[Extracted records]
**********
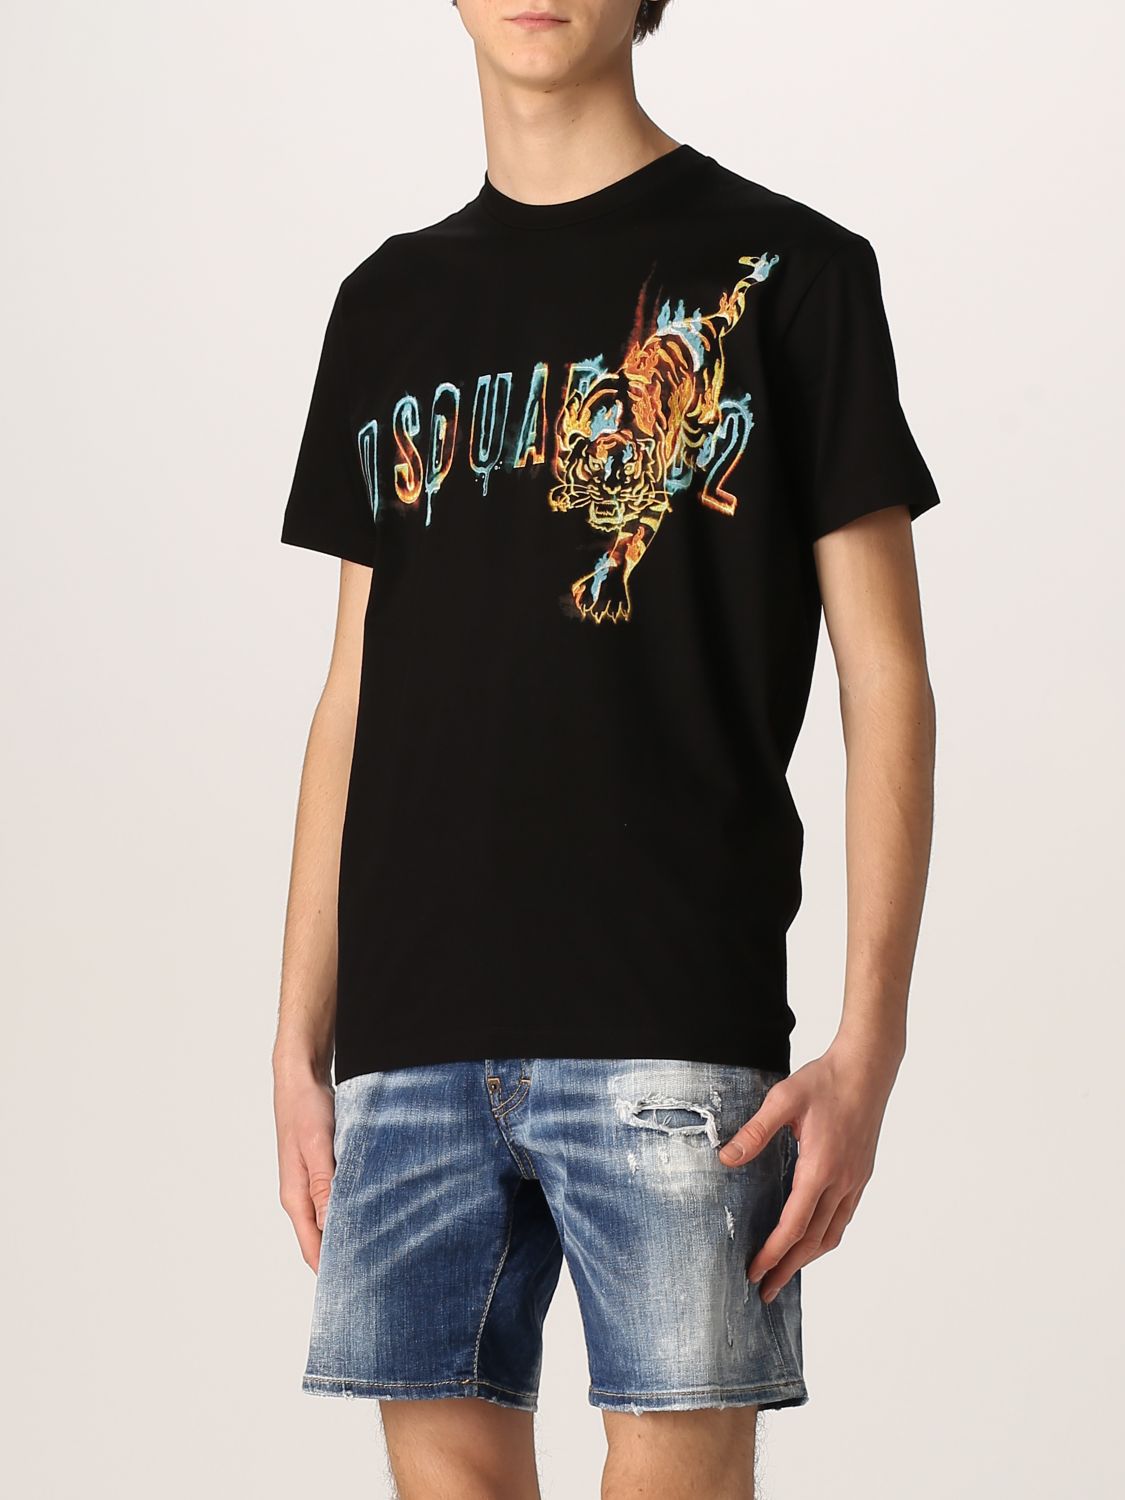 DSQUARED2 T-shirts メンズ 人気の新作
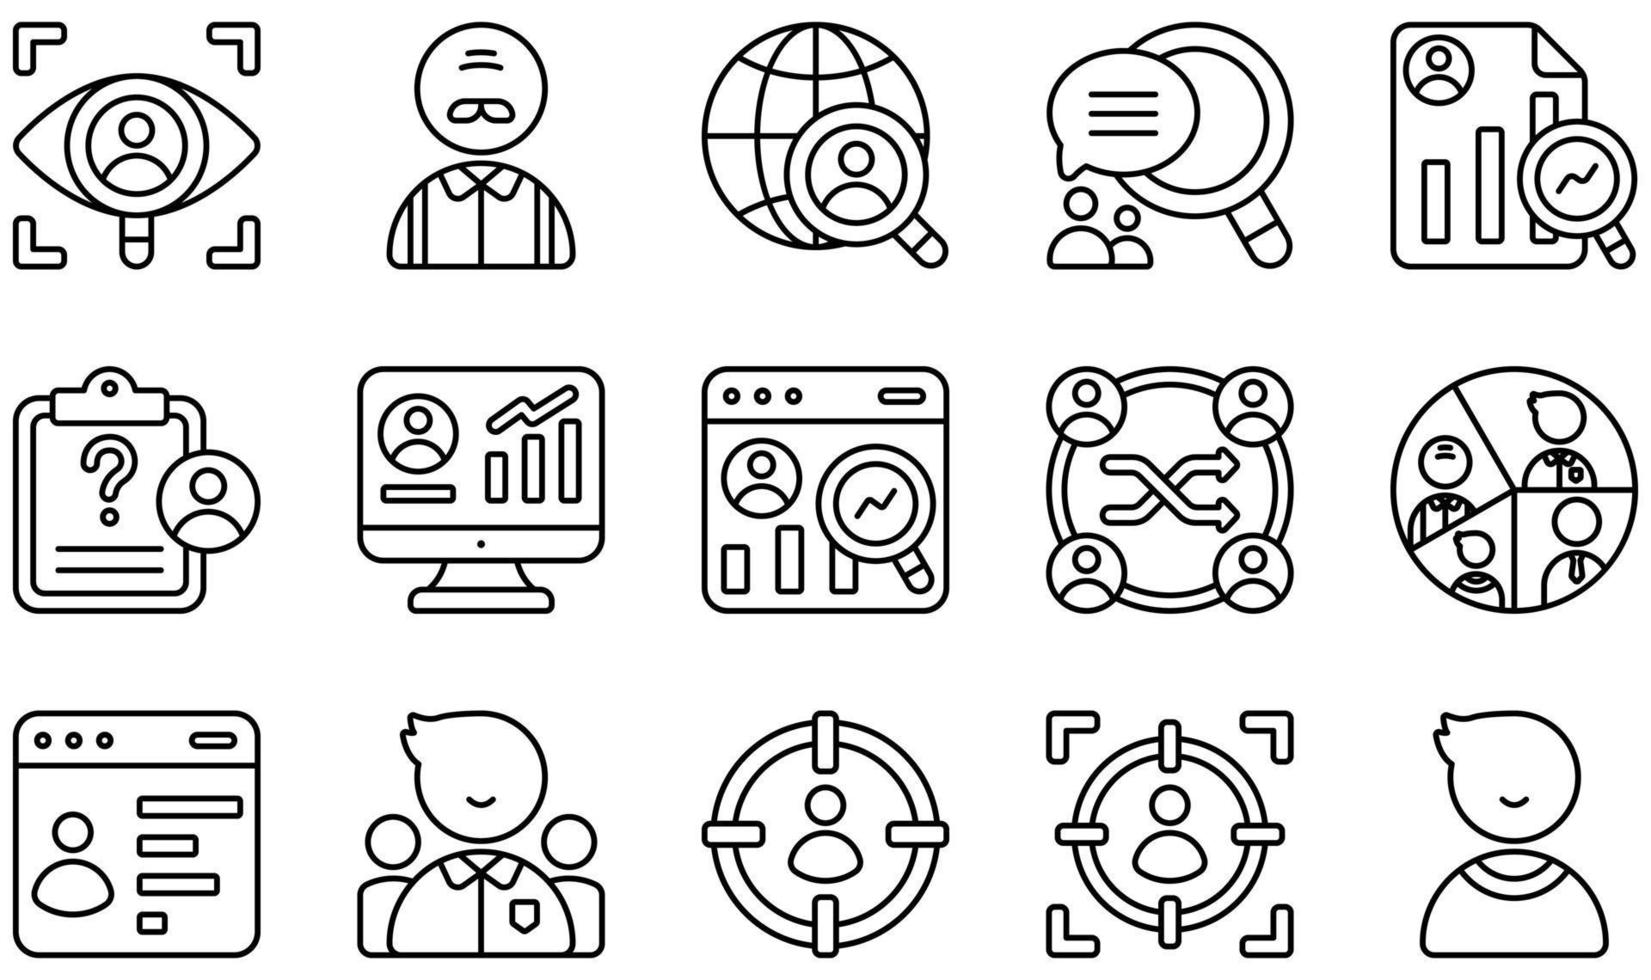 Reihe von Vektorsymbolen im Zusammenhang mit der Marktforschung. enthält Symbole wie Beobachtung, Online-Umfrage, qualitative, quantitative, Forschung, Segmentierung und mehr. vektor
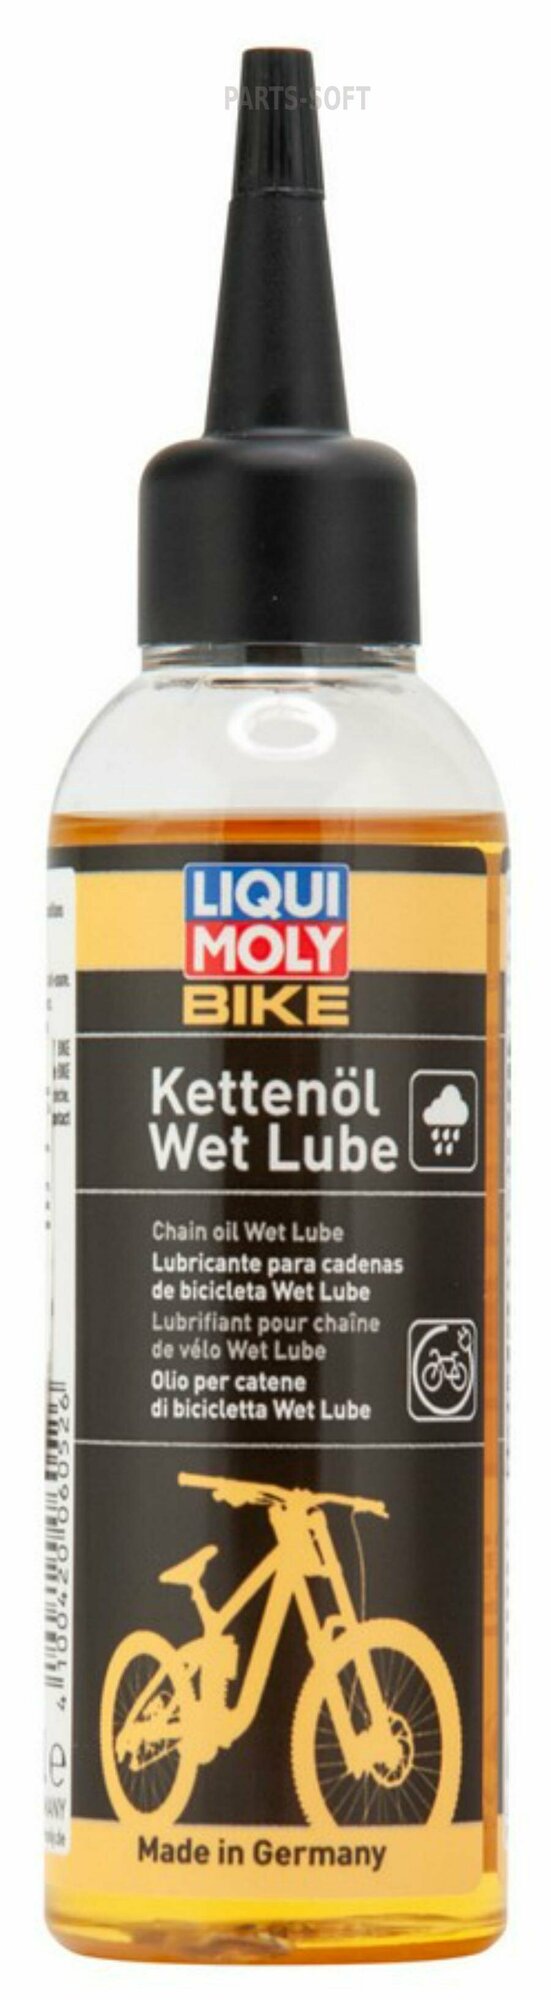 Смазка Liqui Moly Bike Kettenoil Wet Lube 0.1л (6052) - фото №2
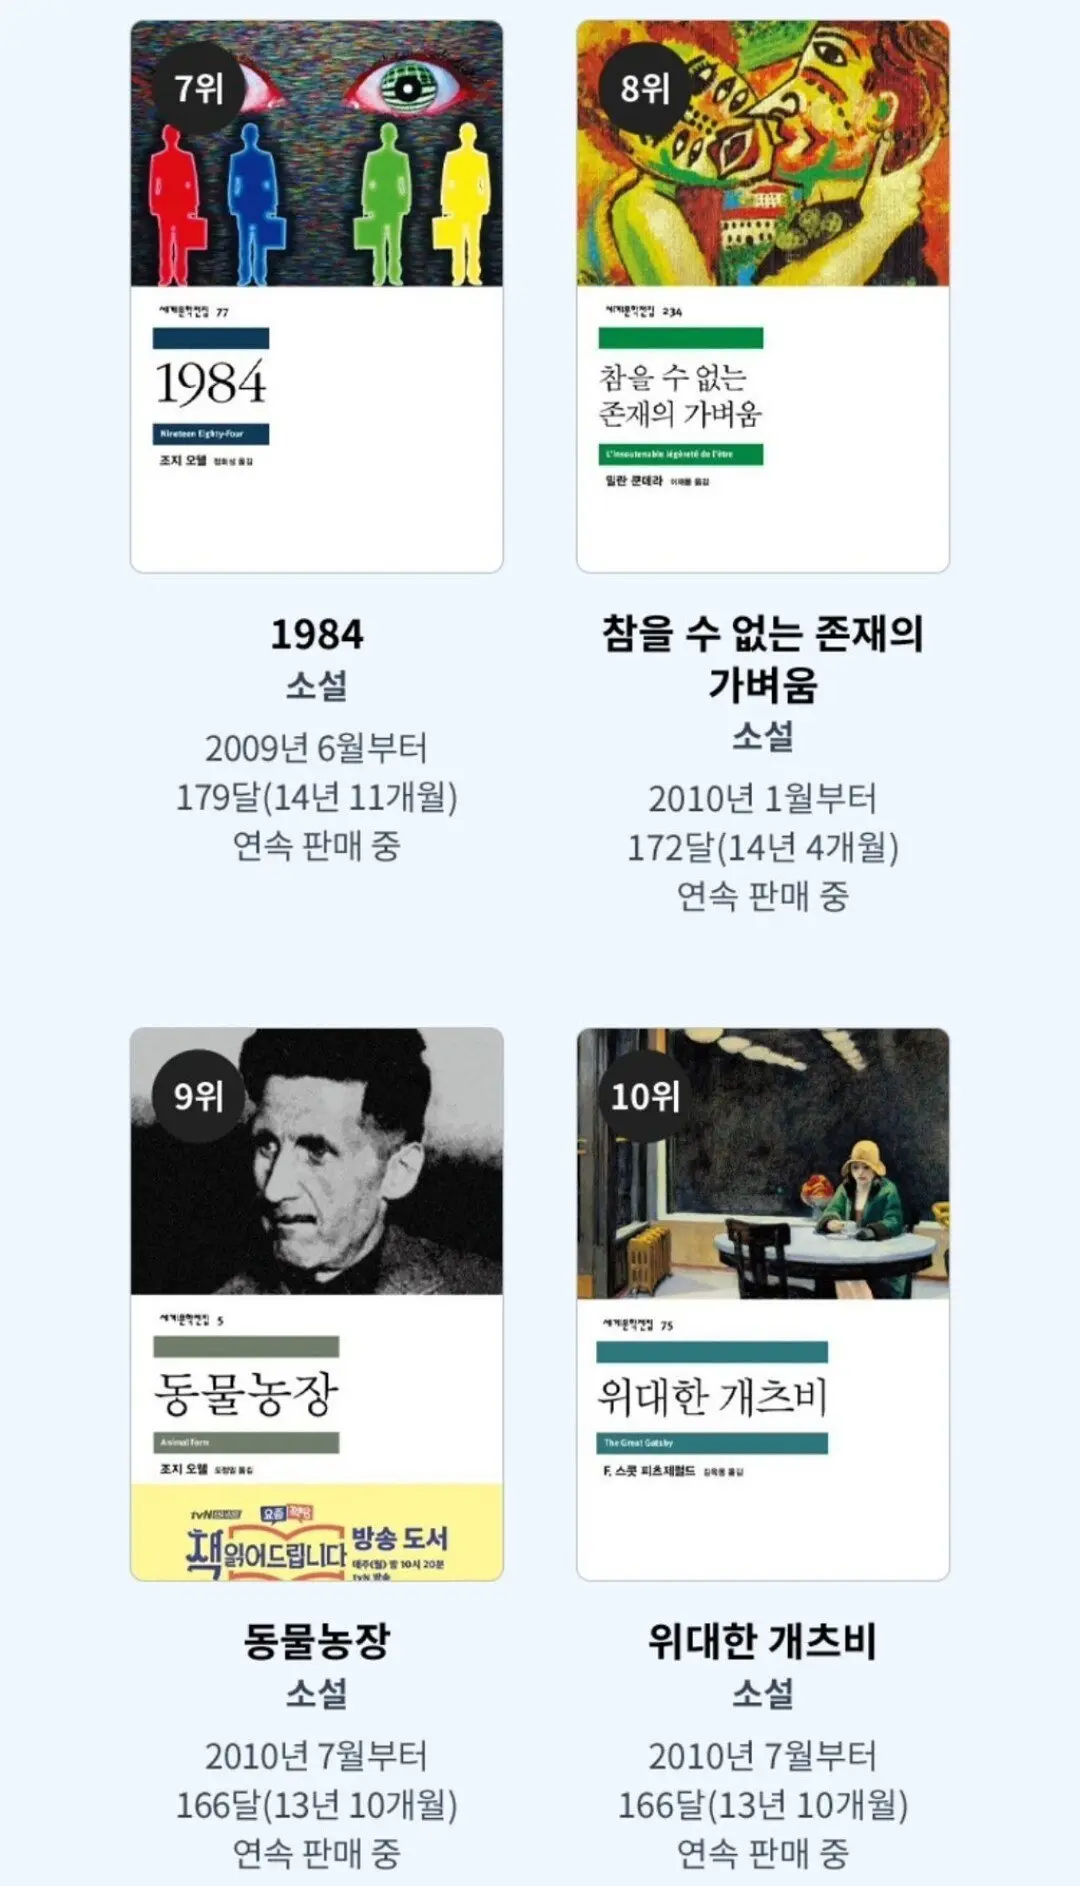 교보문고에서 뽑은 매달 100권 이상 꾸준히 팔리는 책 순위 | mbong.kr 엠봉
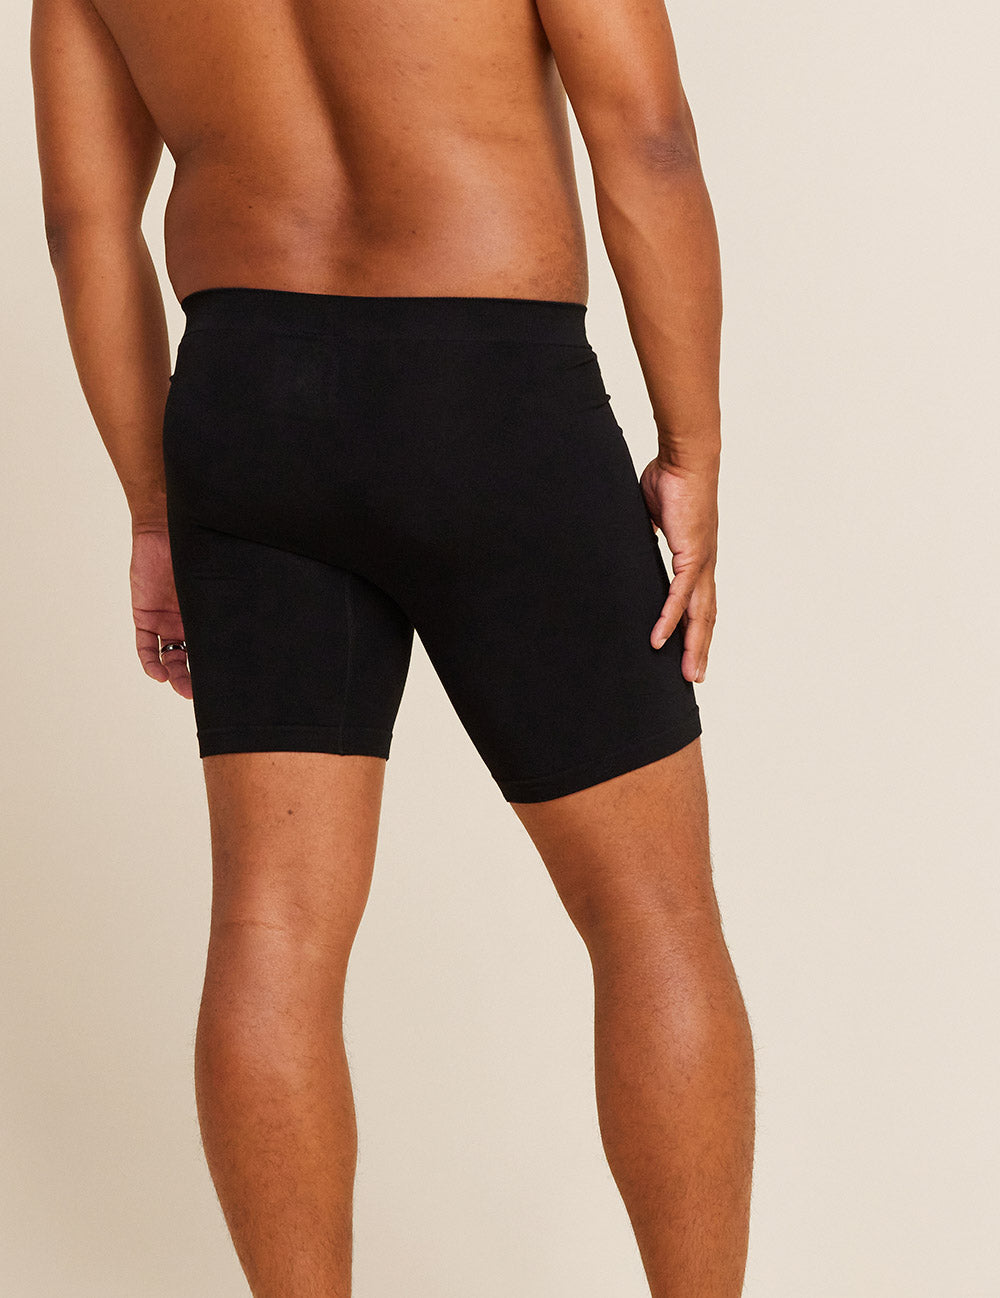 HKEJIAOI Long Leg Boxer Briefs for Men Men's Underwear Cotton Large Size  Men's Boxer Underpants Extra Long Sport Solid Color
**********
§ Work task: Copy all the entries above exactly as they stand, except for the pictures.

§ Reply to the task:
 DSQUARED2 T-shirts メンズ 人気の新作
 Reihe von Vektorsymbolen im Zusammenhang mit der Marktforschung. enthält Symbole wie Beobachtung, Online-Umfrage, qualitative, quantitative, Forschung, Segmentierung und mehr. vektor
 Смазка Liqui Moly Bike Kettenoil Wet Lube 0.1л (6052) - фото №2
 교보문고에서 뽑은 매달 100권 이상 꾸준히 팔리는 책 순위 | mbong.kr 엠봉
 HKEJIAOI Long Leg Boxer Briefs for Men Men's Underwear Cotton Large Size  Men's Boxer Underpants Extra Long Sport Solid Color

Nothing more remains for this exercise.